Planning Balanced Programming for the School Year

While the whole year’s programming may be planned broadly, detailed lesson and unit planning is ongoing, and depends on the interests and needs of students identified through classroom assessment. In the course of this ongoing planning, teachers need to monitor the balance of various important elements in each unit and in the course as a whole.
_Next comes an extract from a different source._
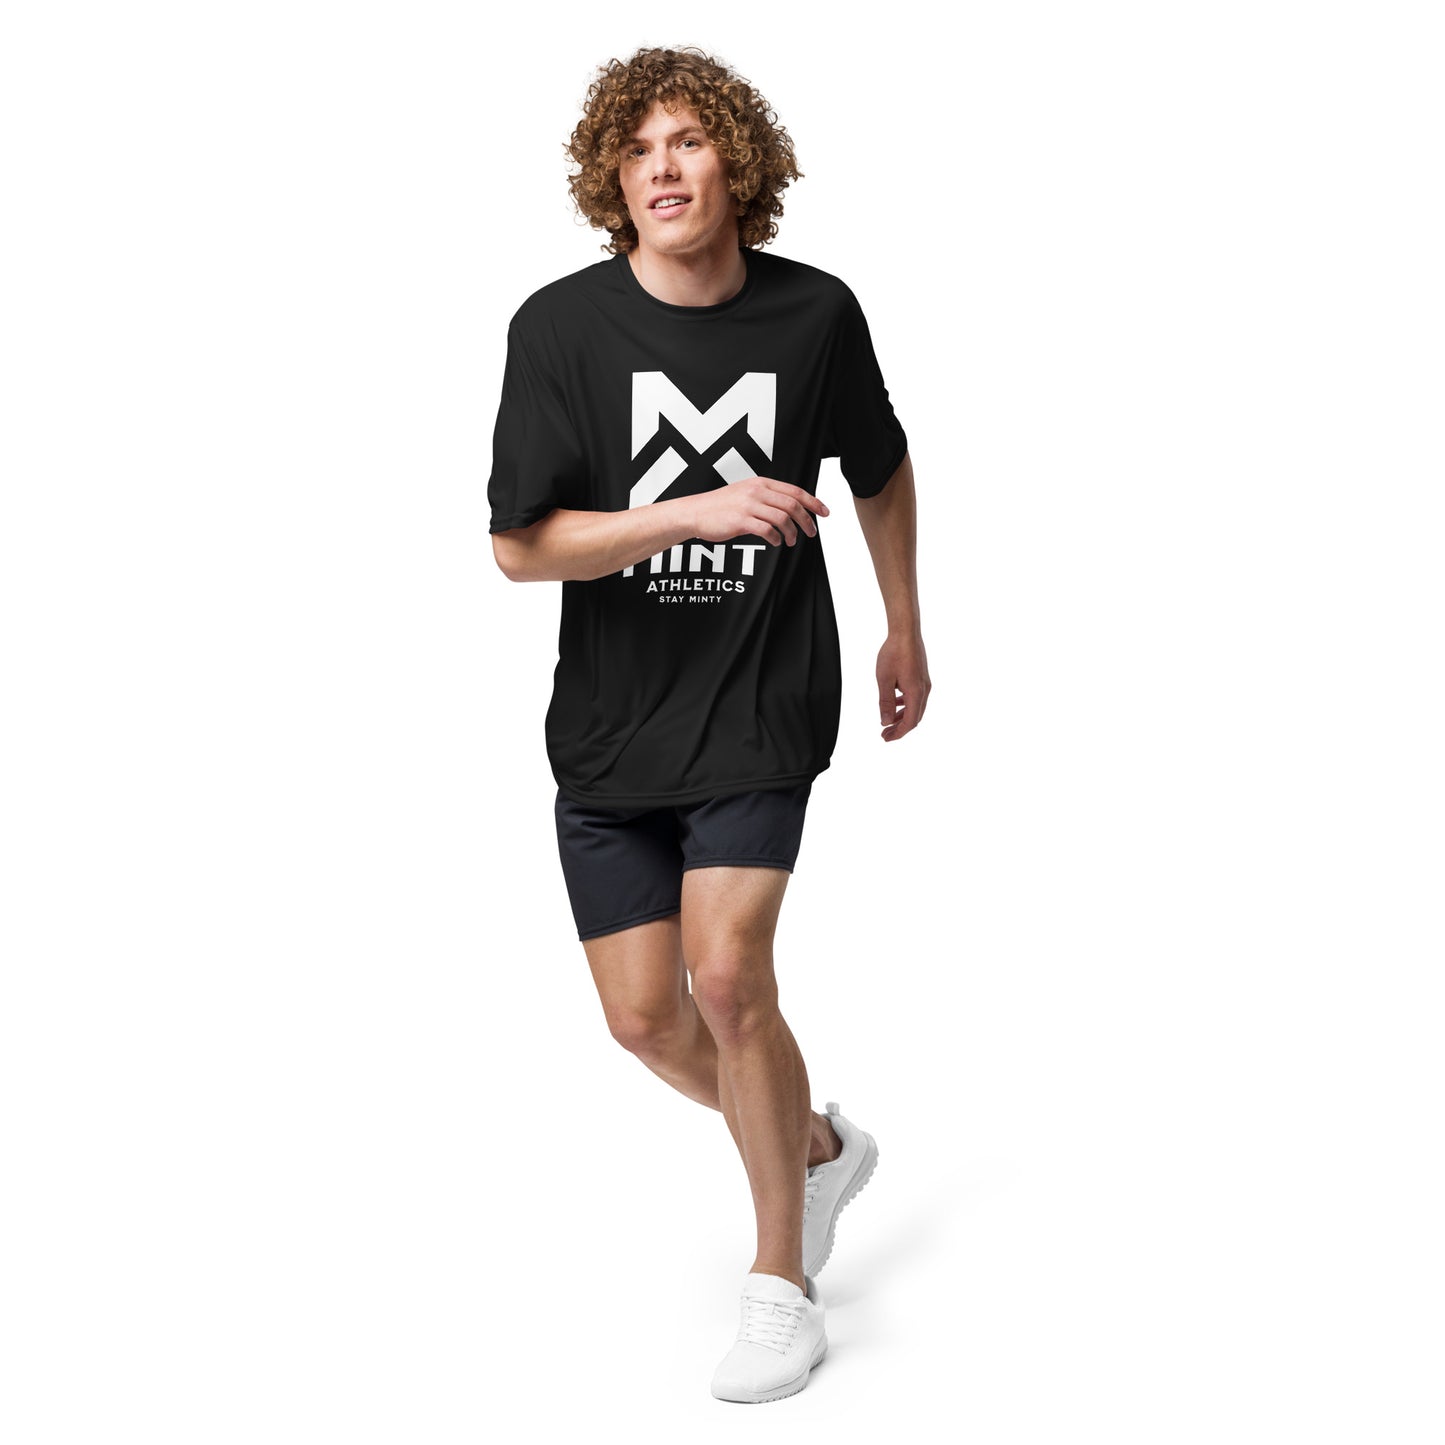 Mint Athletics Dri-Fit Shirt

Teachers who keep an ongoing record of instructional and assessment activities can check periodically whether their programming is balanced with respect to the following elements:

  • The six language arts: An effective language arts course has a balance of listening, speaking, reading, writing, viewing, and representing activities, and provides opportunities for students to interact with a variety of oral, print, and media texts from a variety of forms and genres. Outcomes addressed with reference to one of the language arts in one instance may use a different language art on other occasions. For example, students who learn to generate ideas by creating lists may sketch on another occasion.
  • Opportunities for using various learning styles and intelligences: Intelligence is multi-dimensional and dynamic, and each individual has preferred ways of accessing, processing, and expressing information and ideas. Teachers need to vary their instructional approaches and methods to enable all students to use their preferred learning styles at least some of the time. Teachers who identify their students’ learning styles and intelligences profiles may provide experiences that use students’ strengths as a point of entry into new material, and that directly address their learning requirements. Offering a high degree of choice and ensuring a balance in the six language arts are steps towards providing students with learning experiences in various preferred learning styles and intelligences.
  • A variety of instructional approaches: Teachers need to ensure that their programming incorporates a balance of instructional approaches. While indirect instruction activities, such as inquiry projects, provide excellent learning experiences in many learning outcome areas, it may be difficult for teachers to integrate certain aspects of the curriculum when students are using self-selected materials and engaging in a variety of activities. Teachers need to monitor carefully the outcomes that indirect instruction addresses and those it omits. They need to be inventive in finding opportunities to embed curricular aspects in the context of students’ own work. Many of the outcomes, such as learning editing skills, may be addressed through mini-lessons that provide instruction and modelling, followed by student practice with their own writing. Other outcomes, such as the use of organizational tools, can be taught in the context of a wide variety of student applications.
  • Differentiation for students of various ability levels: To ensure that language arts programming offers learning experiences for students of all ability levels, teachers need to check whether they are providing experiences that can be applied with varying degrees of complexity and with greater or lesser student independence. Differentiation also can be achieved by providing extension activities for capable students, and by building supports into instruction for struggling students. Success for All Learners: A Handbook on Differentiating Instruction (Manitoba Education and Training, 1996) is a resource for teachers to use in differentiating programming for all students.
  • Individual and interactive strategies and groupings: Teachers need to ensure that there is a balance in their classrooms of various kinds of groupings: pairs, small groups, and whole-class groups, as well as opportunities for individual work. Cooperative and collaborative work reflects that learning is social, and builds on students’ desires to interact, to learn from each other, to perform, and to share their views with an audience. While interactive experiences address students’ need for cooperation and collaboration as life skills, individual learning and assessment experiences also are vital for many kinds of learning, including the development of independence and self-knowledge.